#### YOUR GOAL
Without the images, print every line of the material below exactly as given.

INFORMATION SUPPLIED section start

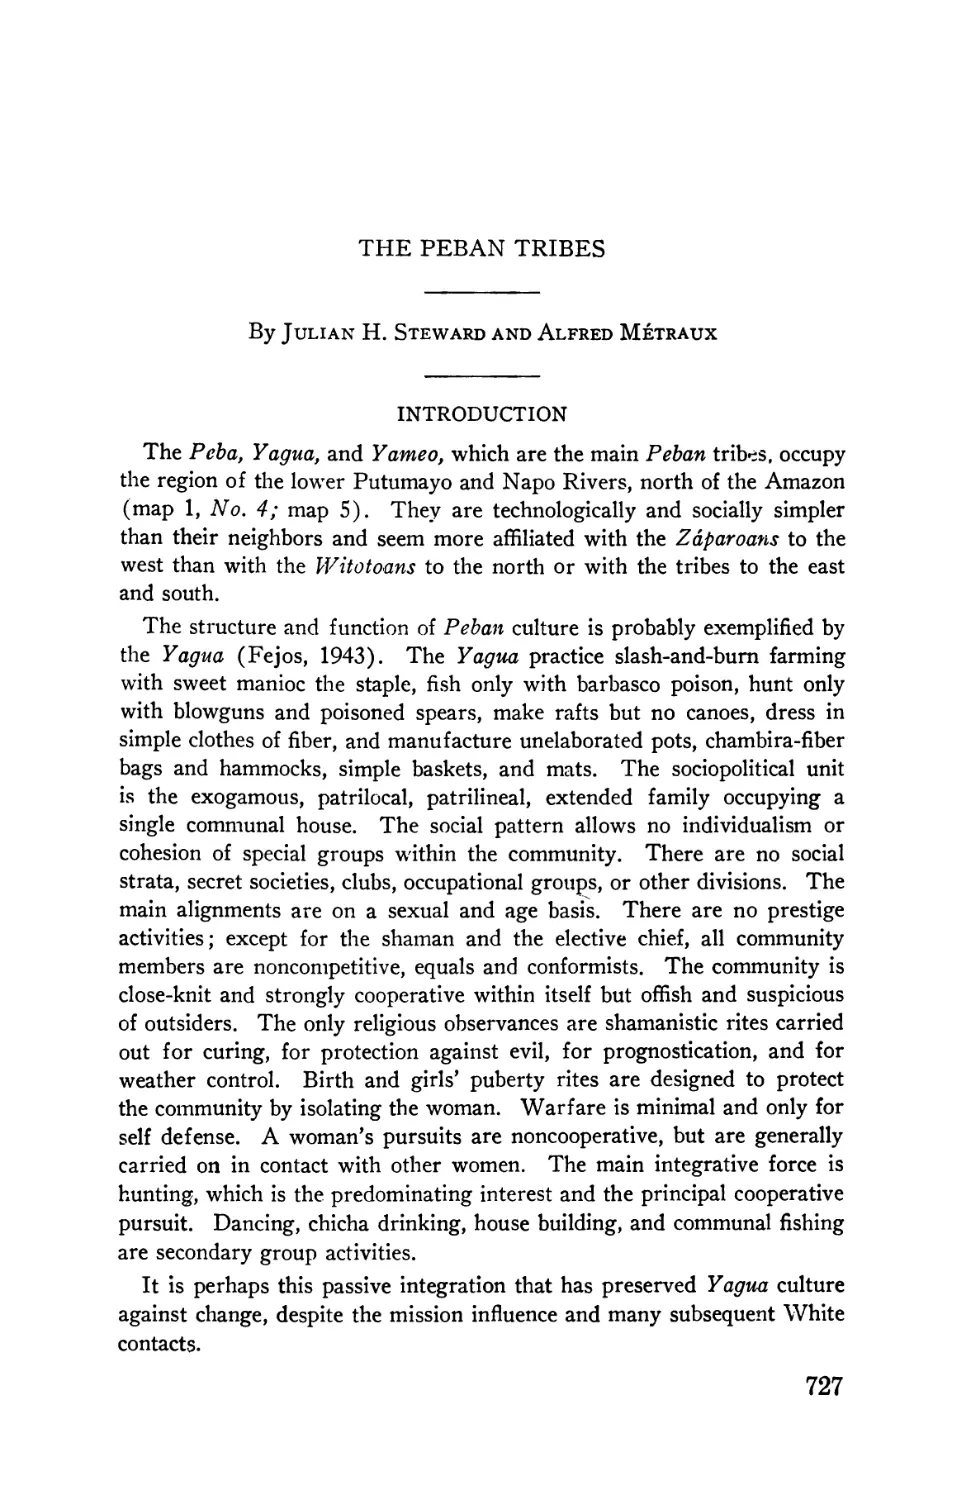 The Peban tribes, by Julian H. Steward and Alfred Métraux
Tribal divisions and history
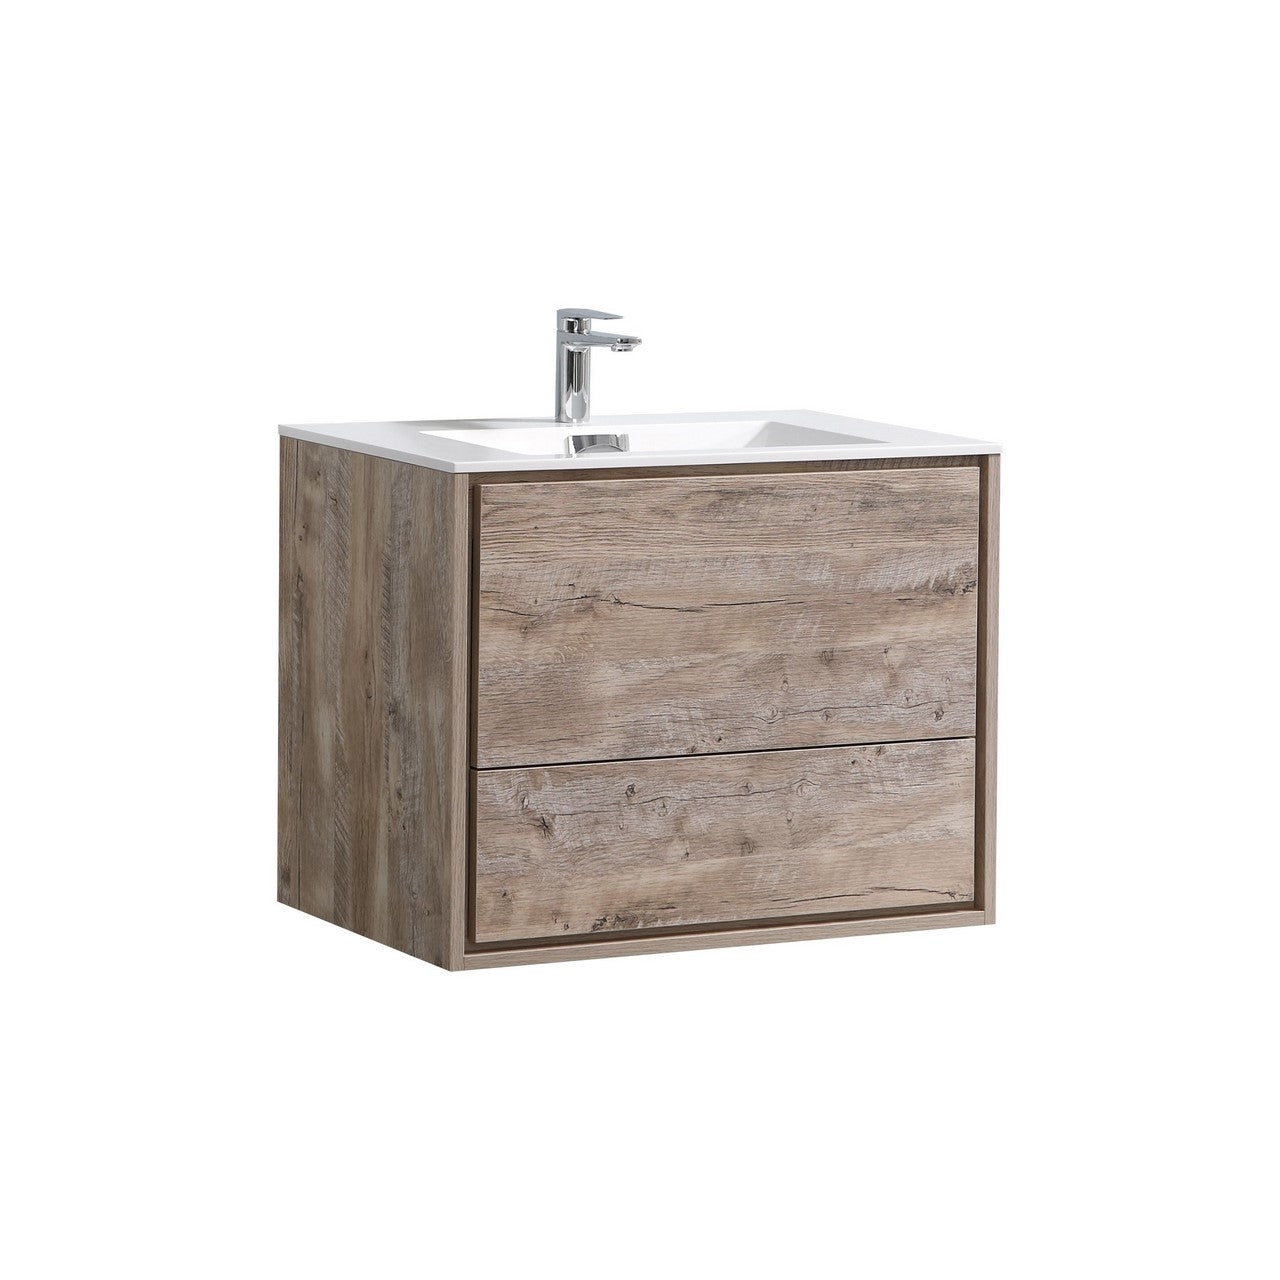 KUBEBATH De Lusso DL30-NW 30" Single Wall Mount Bathroom Vanity in Nature Wood with White Acrylic Composite, Integrated Sink, Angled View

INFORMATION SUPPLIED section end

#### RESPONSE TO THIS TASK
 The Peban tribes, by Julian H. Steward and Alfred Métraux
Tribal divisions and history
 KUBEBATH De Lusso DL30-NW 30" Single Wall Mount Bathroom Vanity in Nature Wood with White Acrylic Composite, Integrated Sink, Angled View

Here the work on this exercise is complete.